A second messenger interrupted with imperative summons from the
council.

As Mackenzie threw him into the snow, he caught a glimpse of the
swaying forms before the council-fire, heard the deep basses of
the men in rhythmic chant, and knew the Shaman was fanning the
anger of his people. Time pressed. He turned upon the chief.

'Come! I wish thy child. And now, see! Here are tobacco, tea,
many cups of sugar, warm blankets, handkerchiefs, both good and
large; and here, a true rifle, with many bullets and much
powder.' 'Nay,' replied the old man, struggling against the great
wealth spread before him. 'Even now are my people come together.
They will not have this marriage.'

'But thou art chief.' 'Yet do my young men rage because the
Wolves have taken their maidens so that they may not marry.'
'Listen, O Thling-Tinneh! Ere the night has passed into the day,
the Wolf shall face his dogs to the Mountains of the East and
fare forth to the Country of the Yukon. And Zarinska shall break
trail for his dogs.' 'And ere the night has gained its middle, my
young men may fling to the dogs the flesh of the Wolf, and his
bones be scattered in the snow till the springtime lay them
bare.' It was threat and counter-threat. Mackenzie's bronzed face
flushed darkly. He raised his voice. The old squaw, who till now
had sat an impassive spectator, made to creep by him for the
door.

The song of the men broke suddenly and there was a hubbub of many
voices as he whirled the old woman roughly to her couch of skins.

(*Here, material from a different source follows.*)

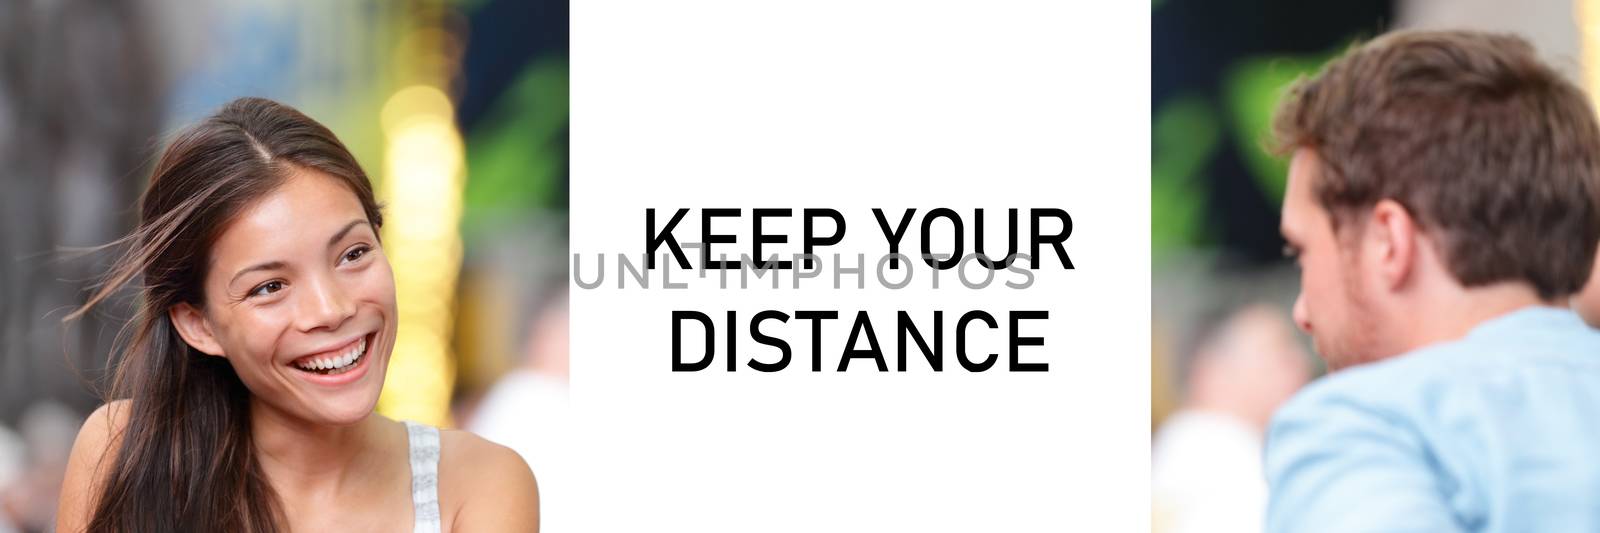 KEEP YOUR DISTANCE Covid-19 warning sign for people meeting talking together panoramic banner. Asian woman speaking to man by Maridav

'Again I cry--listen, O Thling-Tinneh! The Wolf dies with teeth
fast-locked, and with him there shall sleep ten of thy strongest
men,--men who are needed, for the hunting is not begun, and the
fishing is not many moons away. And again, of what profit should
I die? I know the custom of thy people; thy share of my wealth
shall be very small. Grant me thy child, and it shall all be
thine. And yet again, my brothers will come, and they are many,
and their maws are never filled; and the daughters of the Raven
shall bear children in the lodges of the Wolf. My people are
greater than thy people. It is destiny. Grant, and all this
wealth is thine.' Moccasins were crunching the snow without.
Mackenzie threw his rifle to cock, and loosened the twin Colts in
his belt.

'Grant, O Chief!' 'And yet will my people say no.' 'Grant, and
the wealth is thine. Then shall I deal with thy people after.'
'The Wolf will have it so. I will take his tokens,--but I would
warn him.' Mackenzie passed over the goods, taking care to clog
the rifle's ejector, and capping the bargain with a kaleidoscopic
silk kerchief. The Shaman and half a dozen young braves entered,
but he shouldered boldly among them and passed out.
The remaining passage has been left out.